Dengan mengorganisasikan diri dalam serikat buruh, maka posisi tawar buruh akan jauh semakin meningkat. Dengan posisi tawar yang tinggi ini, maka buruh bisa menuntut peningkatan kesejahteraan, baik berupa pendapatan yang layak serta jaminan kesehatan dan keselamatan di tempat kerjanya. Hal ini bisa dicapai secara bertahap dengan melakukan perundingan-perundingan dengan pengusaha. Apabila peran serikat buruh ini telah tumbuh, maka dengan sendirinya peran pemerintah akan berkurang secara bertahap pula, karena sesungguhnya dalam suatu lingkungan kerja, unsur bipartitlah (buruh dan pengusaha) yang seharusnya memainkan peran utama. Kecuali ada hal-hal tertentu yang menyangkut peraturan-peraturan normatif yang dilanggar, maka barulah diperlukan intervensi pemerintah melalui wadah tripartit.
Dalam perspektif gerakan buruh, usaha memanusiakan buruh haruslah datang dari buruhnya itu sendiri.
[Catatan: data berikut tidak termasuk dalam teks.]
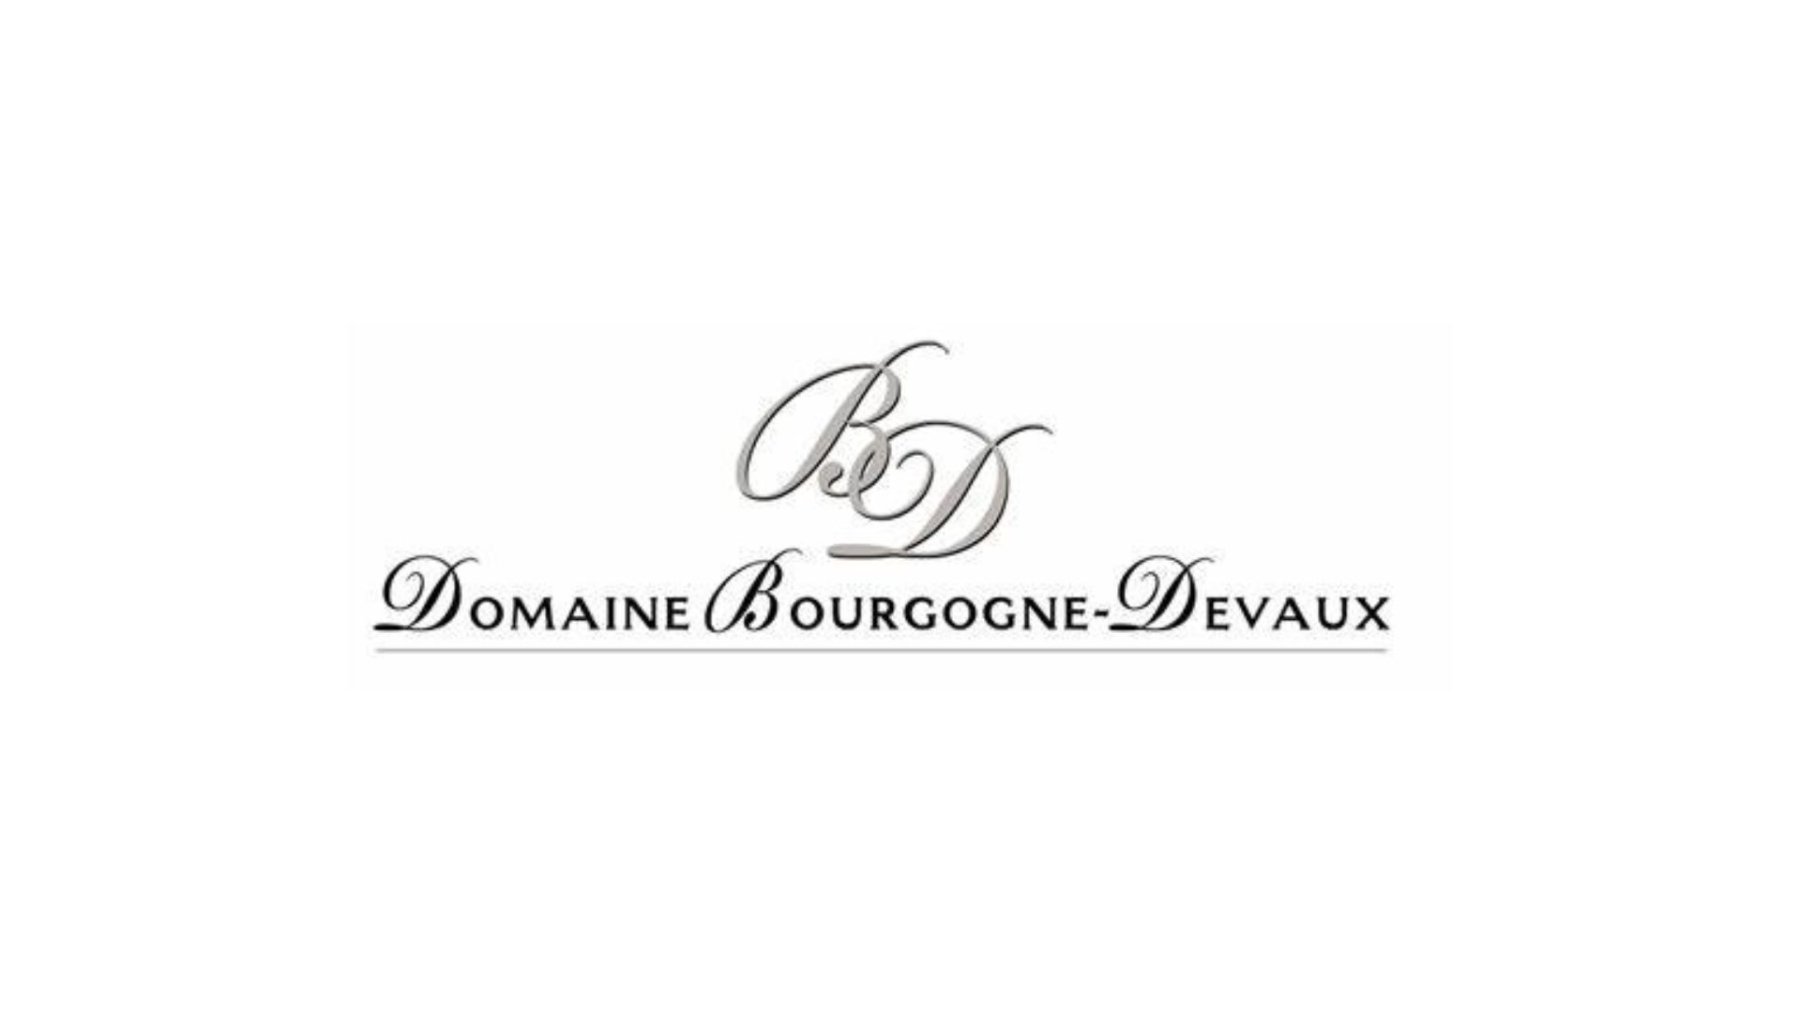 DOMAINE BOURGOGNE-DEVAUX

Sangatlah berbahaya mengharapkan usaha memanusiakan buruh ini datangnya dari pengusaha, terlebih lagi budaya feodal bangsa Indonesia masih kuat melekat pada para pengusaha. Ditambah lagi watak dasar manusia yang selalu ingin mendapatkan keuntungan yang sebesar-besarnya atau tepatnya keserakahan, maka akan sulitlah mengharapkan keasadaran pengusaha di Indonesia untuk secara serta-merta memanusiakan buruhnya.